For 2004, the Commission can either utilize the data provided in Table VII-3 (Errata) [Exhibit 04-28], or allow the IOUs to provide updated assumptions. If such a process is utilized, the IOUs will need an additional 15 business days to make relevant adjustments to the assumptions, and validate the ProSym above-market DWR cost model run. The results could then be provided to the Commission in a compliance filing. (SCE Opening Brief, p. 17.)
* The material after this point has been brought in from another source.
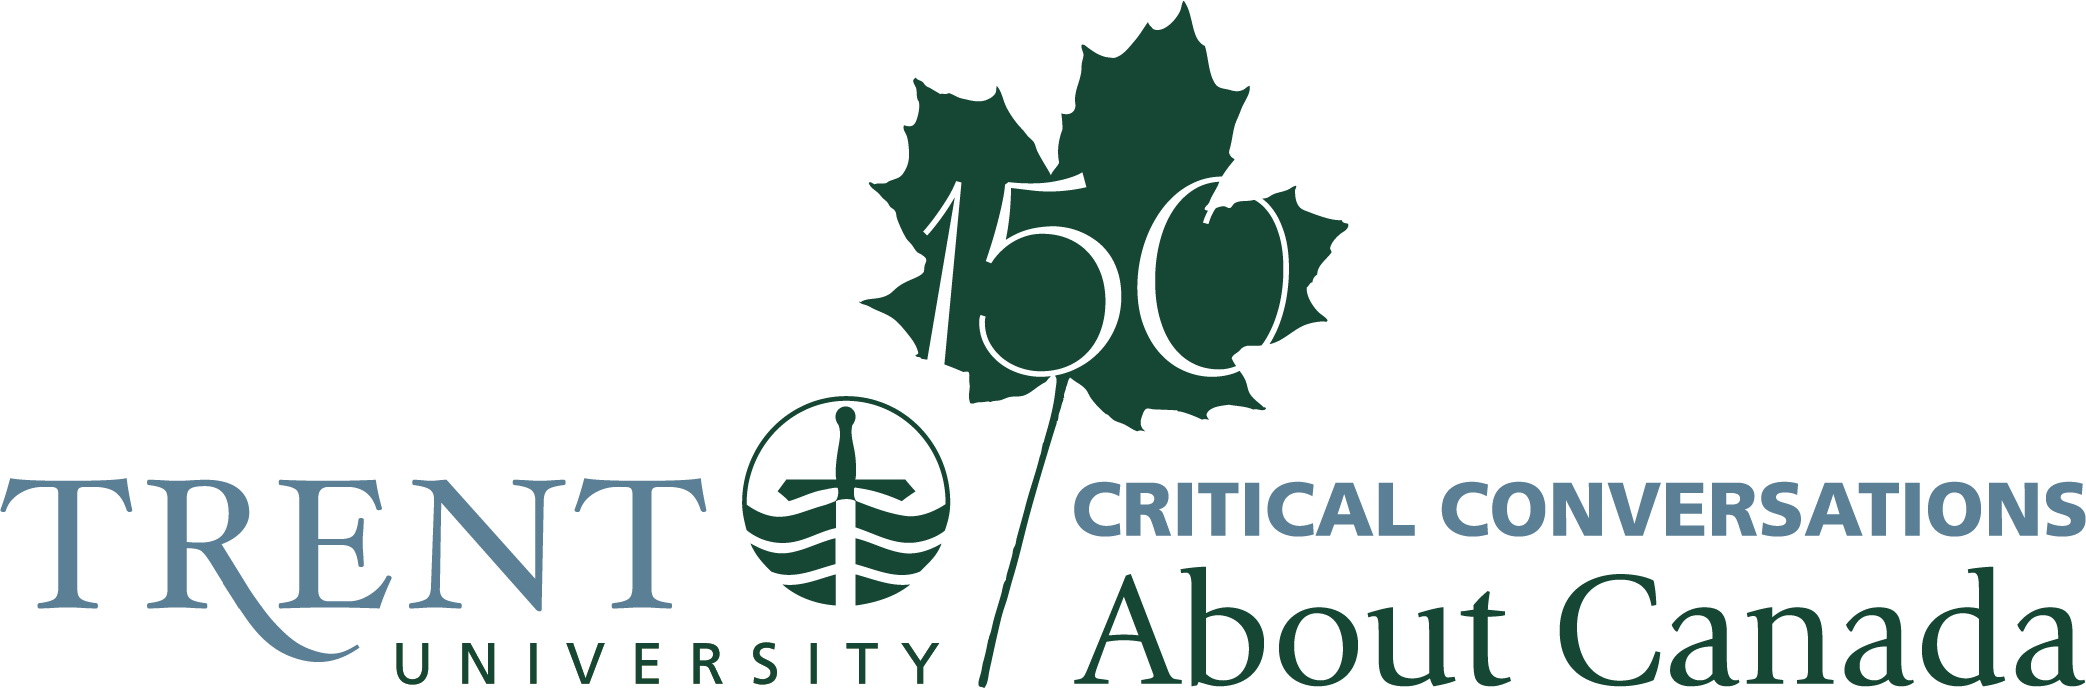 Trent University Canada 150 - Critical Conversations About Canada logo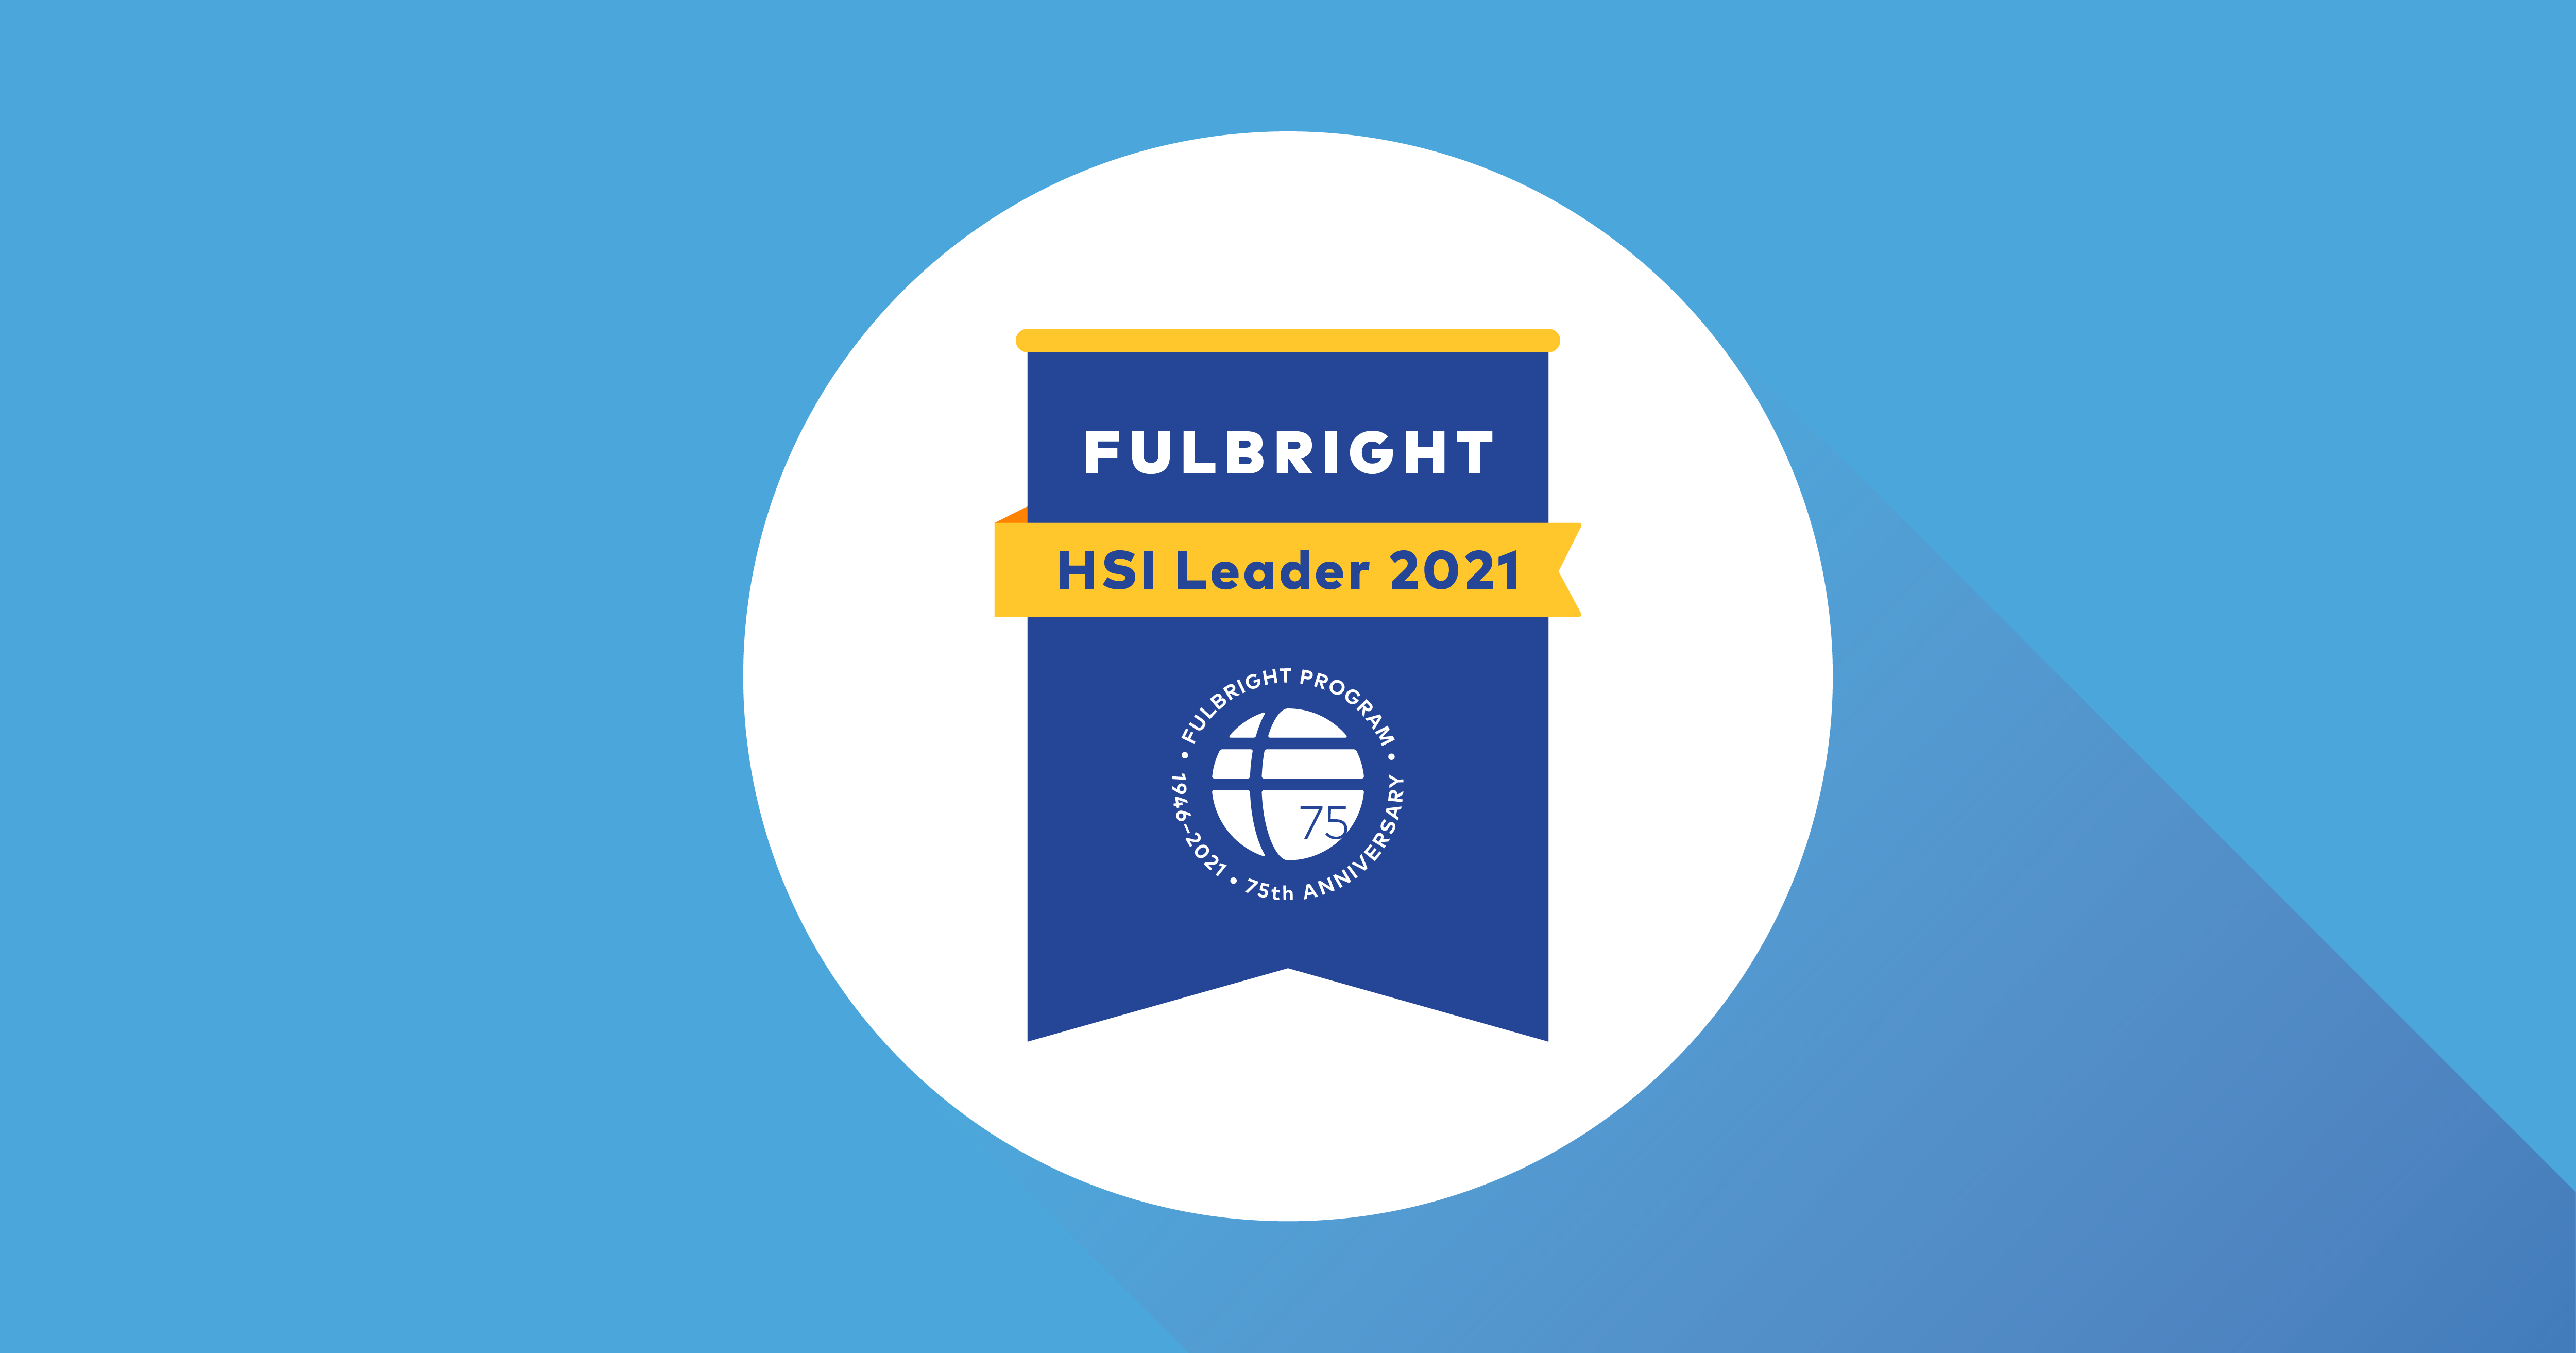 Fulbright HSI Leader 2021 badge on blue background

We adopt the implementation approach outlined by SCE, as follows: for 2004, we direct the IOUs to provide updated above-market cost estimates to the Commission in a compliance filing, on the 15th business day following the date of this decision. The Commission's Energy Division shall be included by the IOUs in their discussions as they prepare this filing, so that we may act on it promptly after receipt.
Pending the compliance filing submission by the IOUs of the final results of the allocation methodology we adopt today, an illustrative calculation of the results, and the resulting power charges that shall serve as the basis for IOU remittances to DWR, is provided in Appendix A.